Secular Geology, Mineral Rights, and Cosmologies of Land

Guest lecture by Pamela E. Klassen, University of Toronto.

Geology, the “science of earthly things” and their slow transformation, is a knowledge system at the heart of religion, secularity, and colonialism in North America. Geology enabled increasingly sophisticated mineral exploration and extraction, with gold as the magnet for European colonial expansion into the Indigenous territories of the so-called “New World.” The mines and oilfields abetted by geological surveys contributed to claiming the land and rendering it toxic. In this paper, I consider geology as a colonial secular science that was grounded in a Christian cosmology of land that had two key premises. First, God placed minerals on the earth for “the use and great benefit” of human beings, and second, colonial monarchs claimed Indigenous territory through the legal fiction of “Crown Land,” by which the monarch claimed and granted mineral rights to others. Grounded on the fifteenth-century papal Doctrine of Discovery—even in “Protestant” countries--Crown land and mineral rights are present-day legal concepts in Christian history. Turning to the writings of theologians, jurists, geologists, and surveyors, and including a 17th-century Danish source (in English translation), I argue that to understand the continued environmental destruction that mining entails requires understanding the cosmologies of land on which it rests.

Bio

Pamela Klassen is a Professor & Chair in the Department for the Study of Religion at the University of Toronto. Her current research focuses on religion, colonialism, and public memory in North America and Turtle Island.
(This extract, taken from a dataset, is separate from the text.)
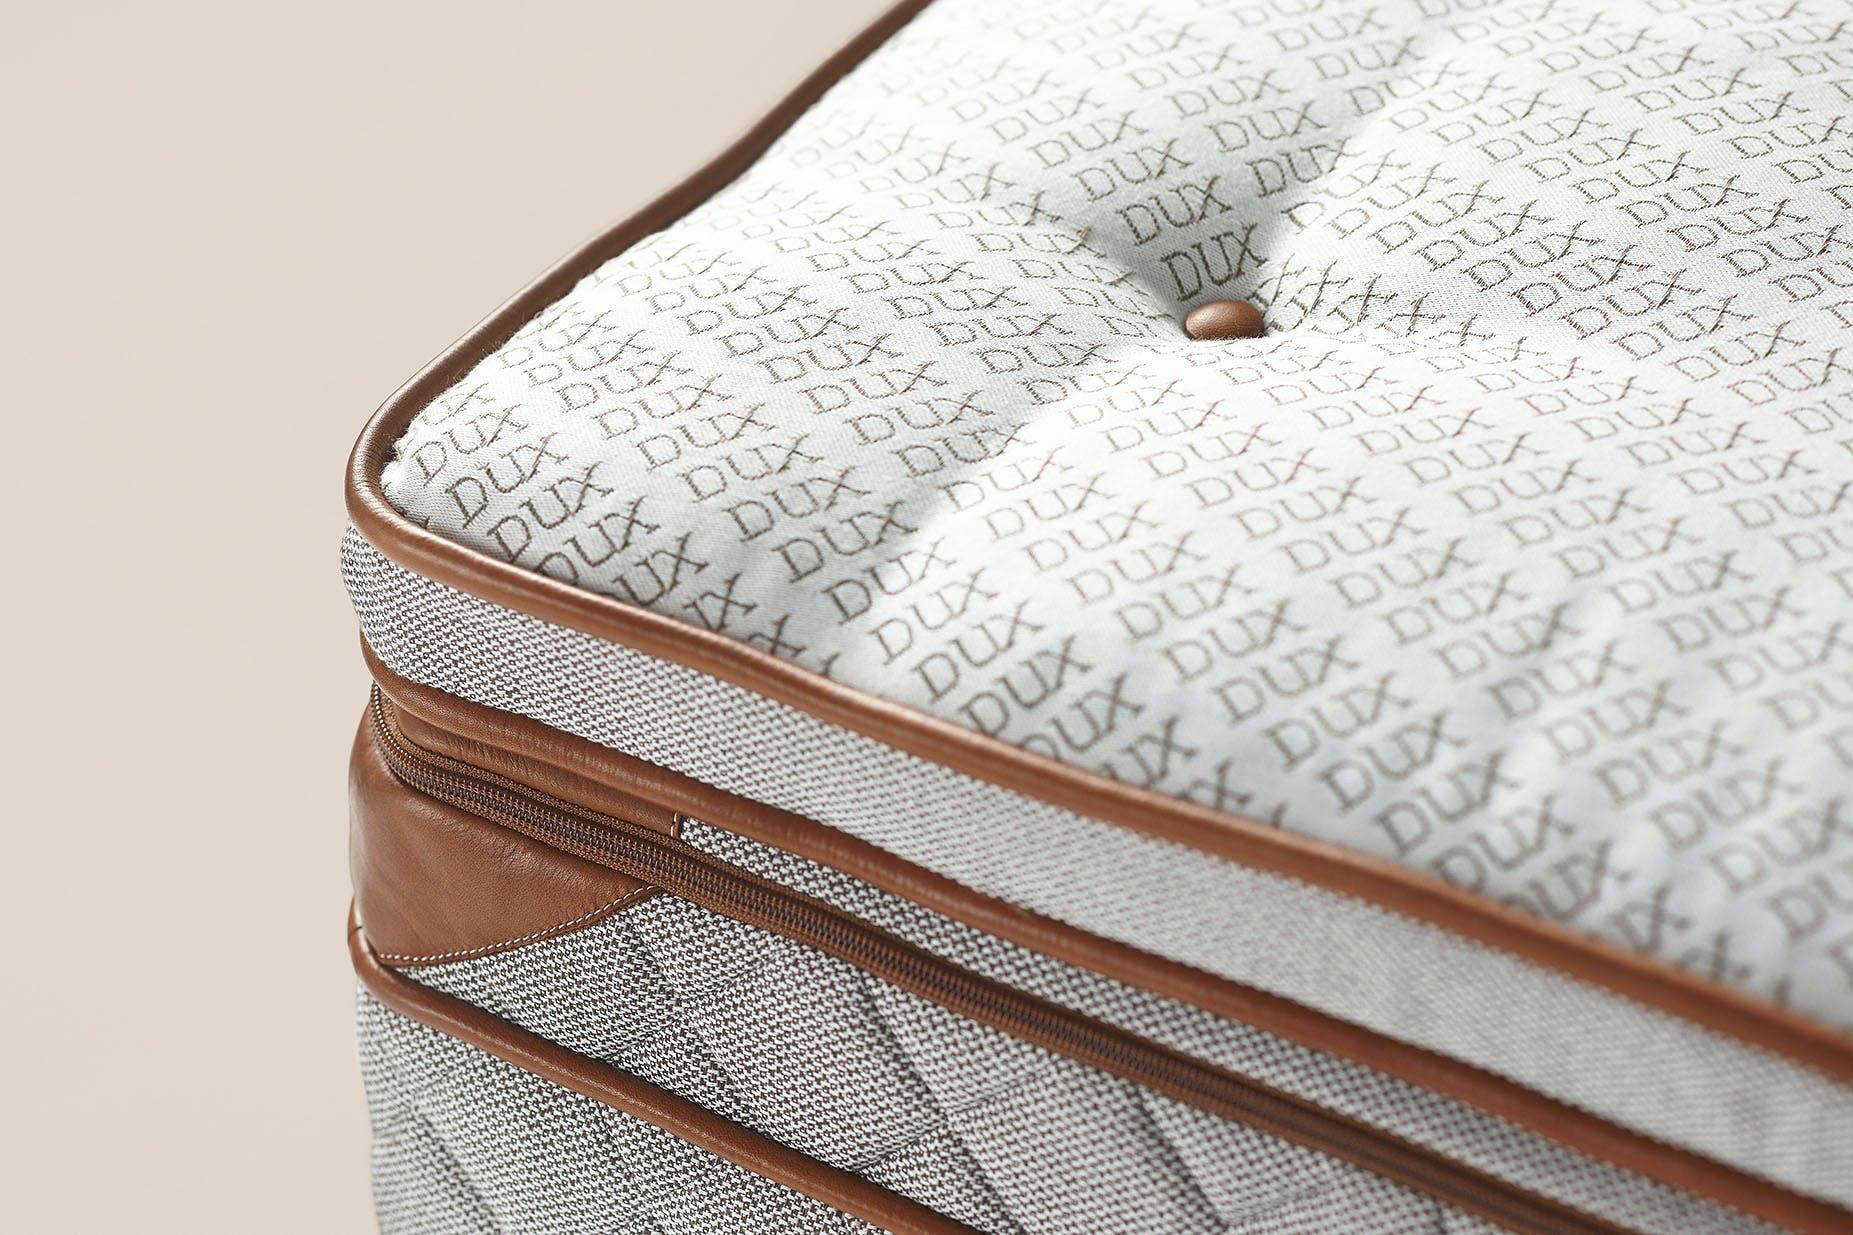 dux seng madras

Her most recent books are The Story of Radio Mind: A Missionary’s Journey on Indigenous Land (U Chicago Press, 2018) and Ekklesia: Three Inquiries in Church and State (U Chicago Press, 2018, co-authored), along with the co-edited The Public Work of Christmas: Difference and Belonging in Multicultural Societies (McGill-Queen’s University Press, 2019). With a team of students and in partnership with the Kay-Nah-Chi-Wah-Nung Historical Centre, she has an ongoing collaborative digital storytelling project called “Kiinawin Kawindomowin Story Nations,” found at  www.storynations.utoronto.ca. She is a Fellow of the Royal Society of Canada and has also published at The Immanent Frame.